Accelerating your marketing ideation with generative AI – Part 2: Generate custom marketing images from historical references
- •AWS integrates historical campaign data into generative AI workflows to ensure marketing brand consistency
- •New architecture leverages Amazon Nova Pro and Titan Multimodal Embeddings for advanced image retrieval
- •System utilizes OpenSearch Serverless for vector searches based on campaign objectives and target audiences
Marketing teams often struggle to maintain visual identity while scaling content production across diverse digital channels. AWS has addressed this by introducing a sophisticated workflow that bridges the gap between past successes and future creations. By analyzing historical assets, the system extracts high-level patterns such as color schemes and compositions that have previously resonated with audiences.

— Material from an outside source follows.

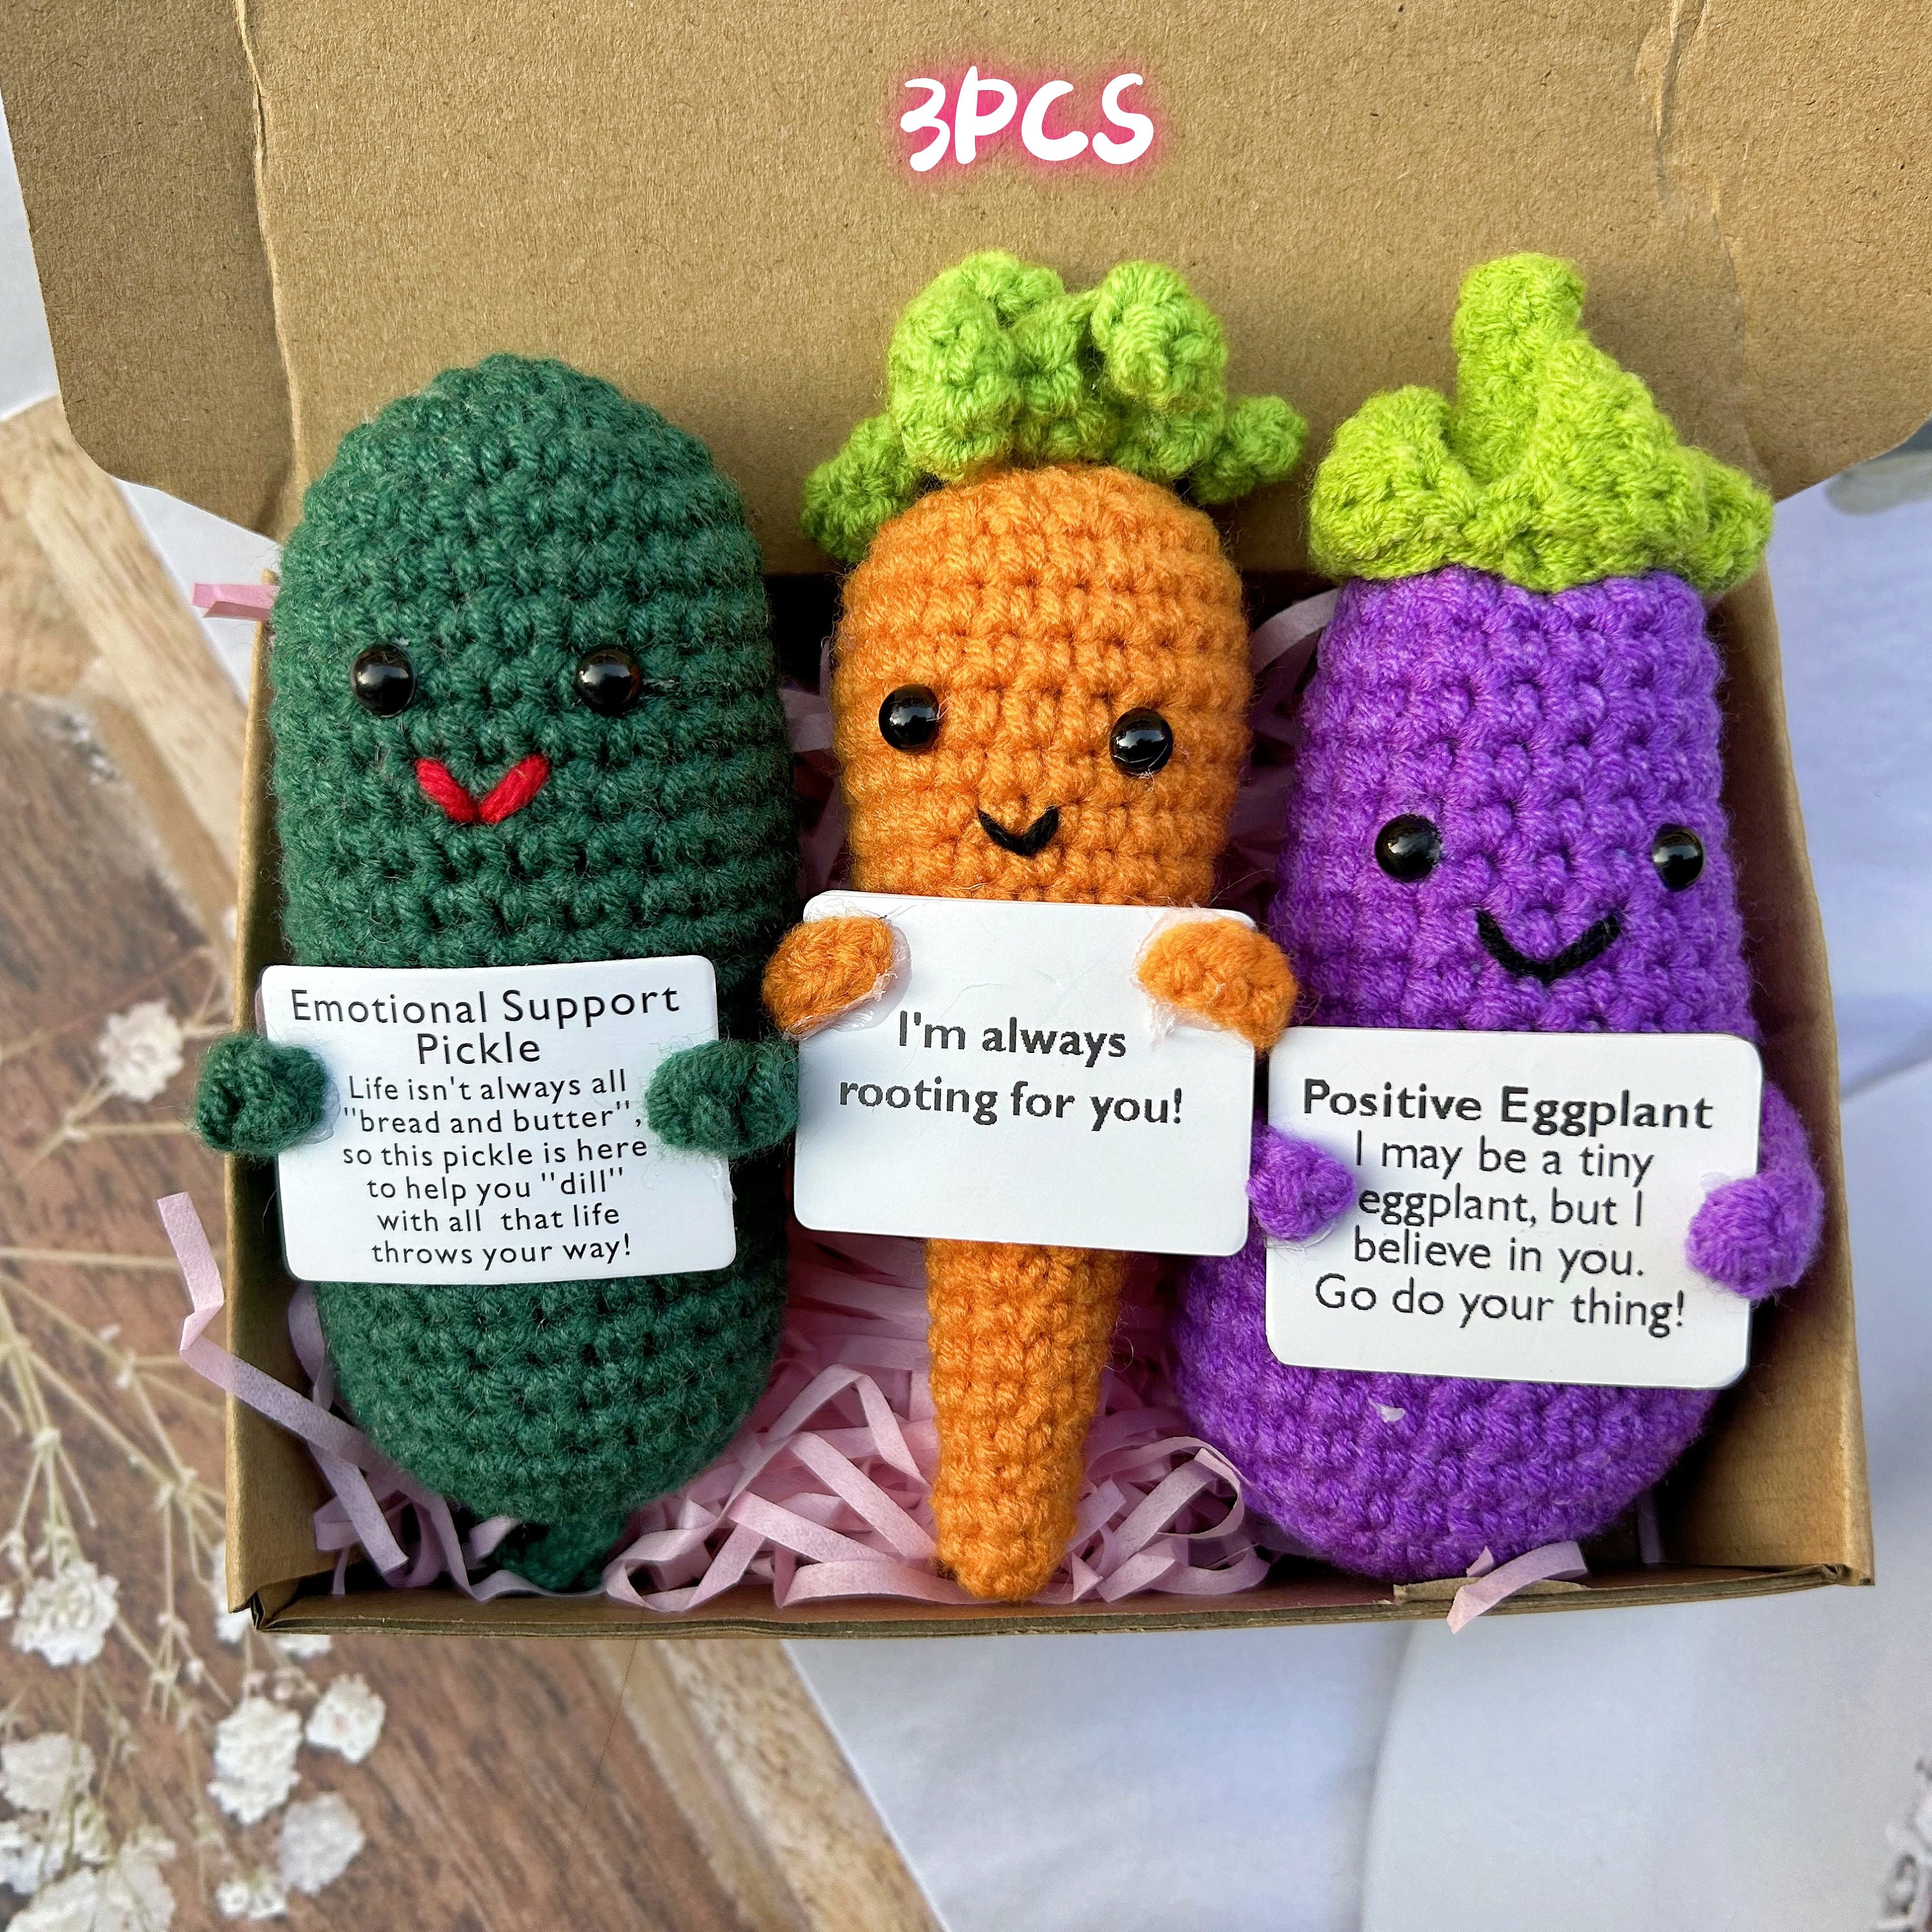 Duixinghas Emotional Support Potato Toy Crocheted Potted Sunflower Ornament Cartoon Potato Toy Set Positive Life Vegetable Dolls for Stress Relief

The technical core involves a multi-stage pipeline where Amazon Nova Pro generates rich descriptions of existing assets, while the Amazon Titan Multimodal Embeddings model converts these into numerical representations (embeddings). These vectors are stored in Amazon OpenSearch Serverless, allowing for lightning-fast similarity searches. This means a designer can input a new campaign goal, and the system will instantly surface the most relevant past examples to guide the AI's creative output.
To refine the final output, the system employs a meta-prompting technique. It injects descriptions of selected historical references into the generation prompt using structured XML tags. This contextual grounding ensures that the newly generated images—created by Amazon Nova Canvas—align perfectly with established brand guidelines. This data-driven approach transforms static archives into a dynamic engine for efficient, high-fidelity marketing ideation.